How to Use AI for Event Planning - A Beginner's Guide

A practical guide to using AI tools like ChatGPT and Claude for every stage of event planning, from concept to post-event follow-up.

How to Use AI for Event Planning - A Beginner's Guide

Planning a birthday party, a corporate conference, or a community fundraiser takes dozens of hours of emails, spreadsheet juggling, and vendor chasing. AI can shrink that time markedly - not by doing everything, but by handling the parts that drain your energy without requiring much creativity.

TL;DR

  • AI handles drafts, checklists, and copy - you handle decisions and relationships
  • ChatGPT or Claude cover most event planning tasks; free tiers are enough to start
  • Always verify any venue or vendor AI suggests - it makes mistakes on specifics
  • Takes under 30 minutes to build your first AI-assisted event plan

This guide walks through the full event planning process - from first concept to post-event follow-up - with specific prompts you can copy and use right now.

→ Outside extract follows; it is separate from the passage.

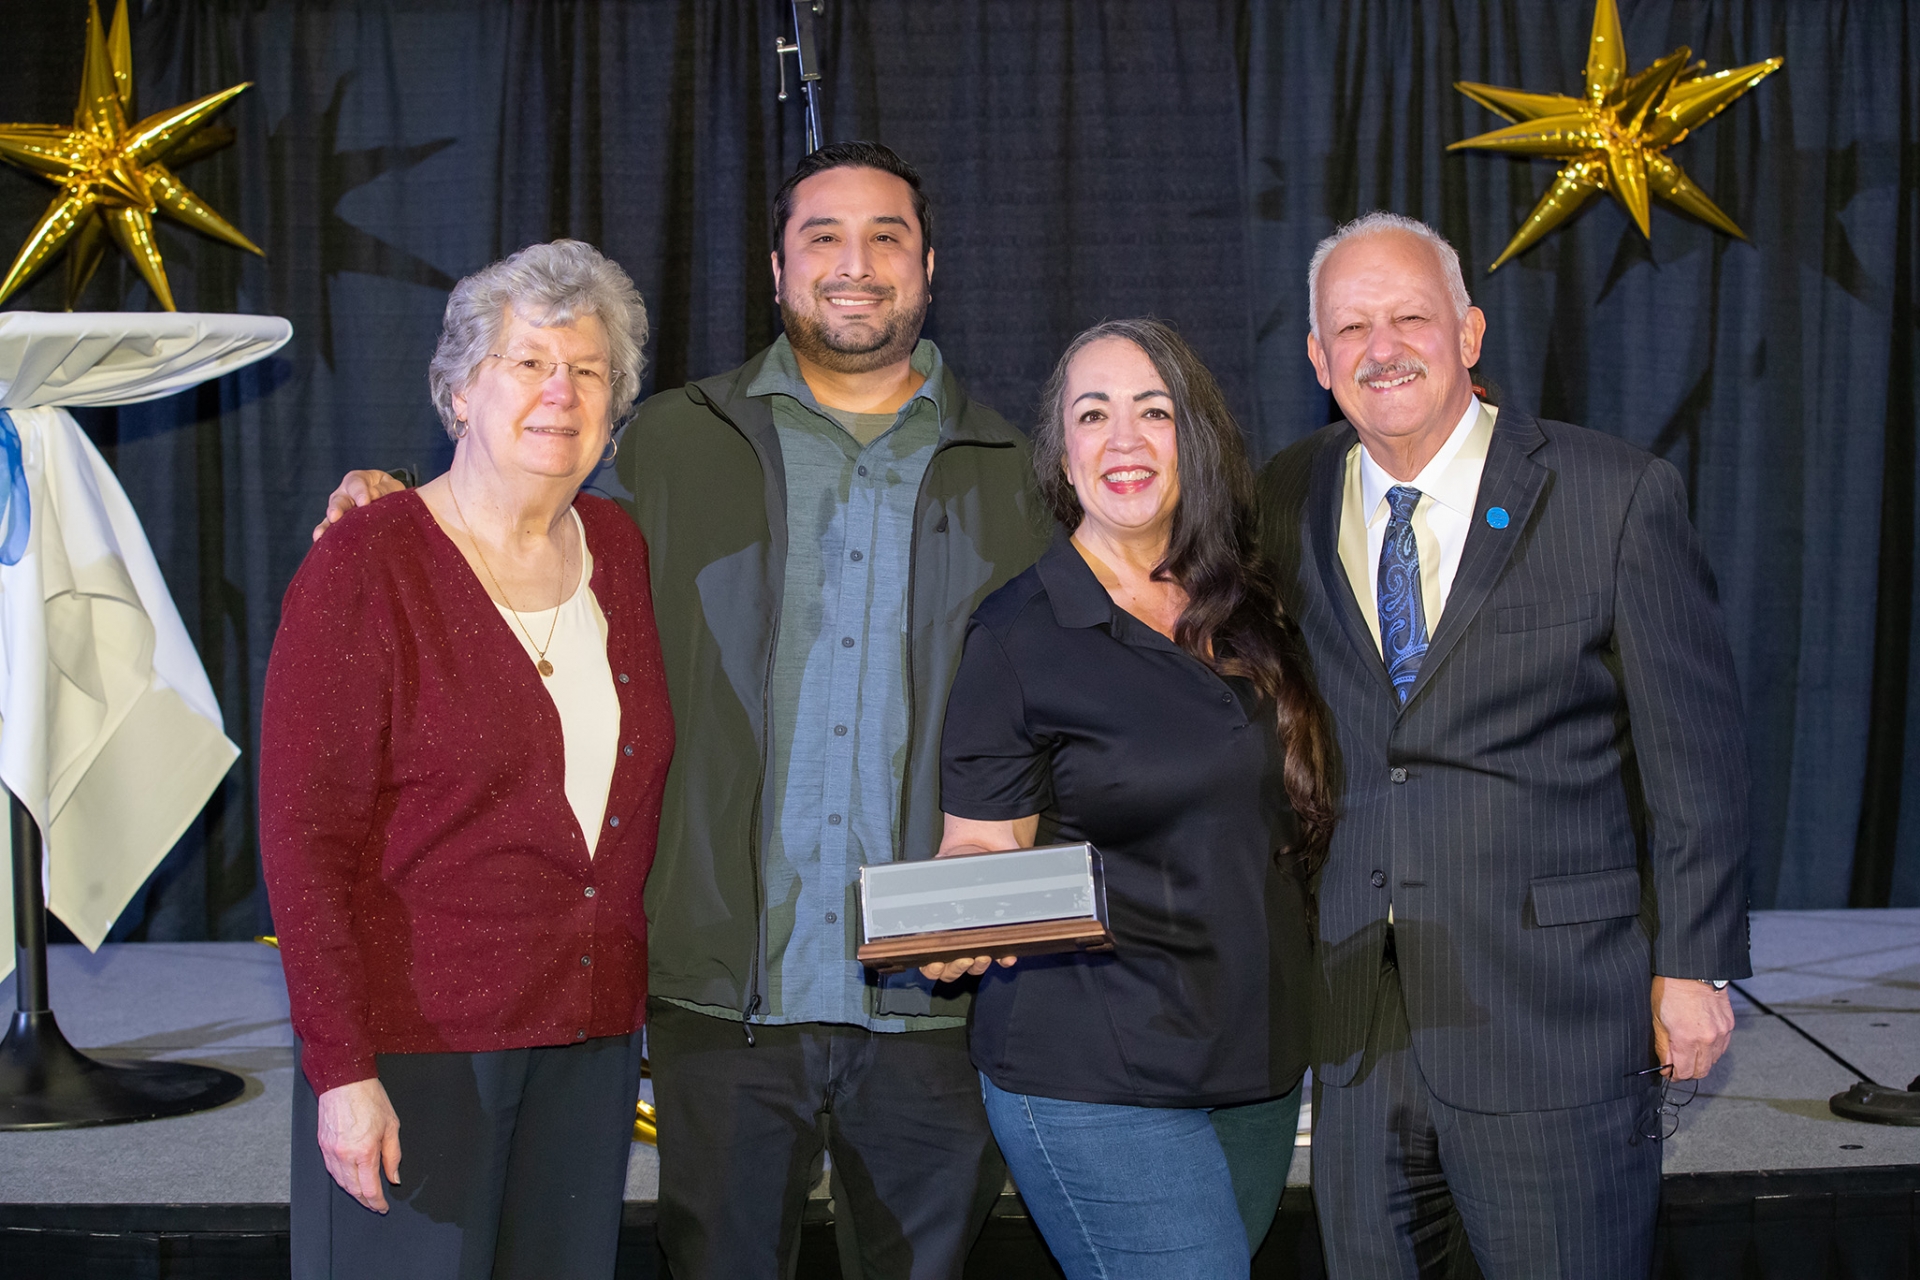 Pictured Carrie Hartung, widow of Augie Hartung, Jaime Espinoza, chair of the Staff Council Executive Board, Lisa Gordon, recipient of the Augie and CSUSB President Tomás D. Morales.

What AI Can (and Can't) Do for Your Event

AI is strong at writing tasks: drafts, checklists, timelines, email sequences, speaker bios, survey questions. Give it your event details and it generates a working starting point in seconds. That alone saves hours of staring at a blank page.

What it can't do: negotiate with a caterer, pick up that a client is uncomfortable with a venue choice, or adapt on the spot when the audio system dies ten minutes before showtime. AI works from averages and patterns. You work from the specific humans in front of you.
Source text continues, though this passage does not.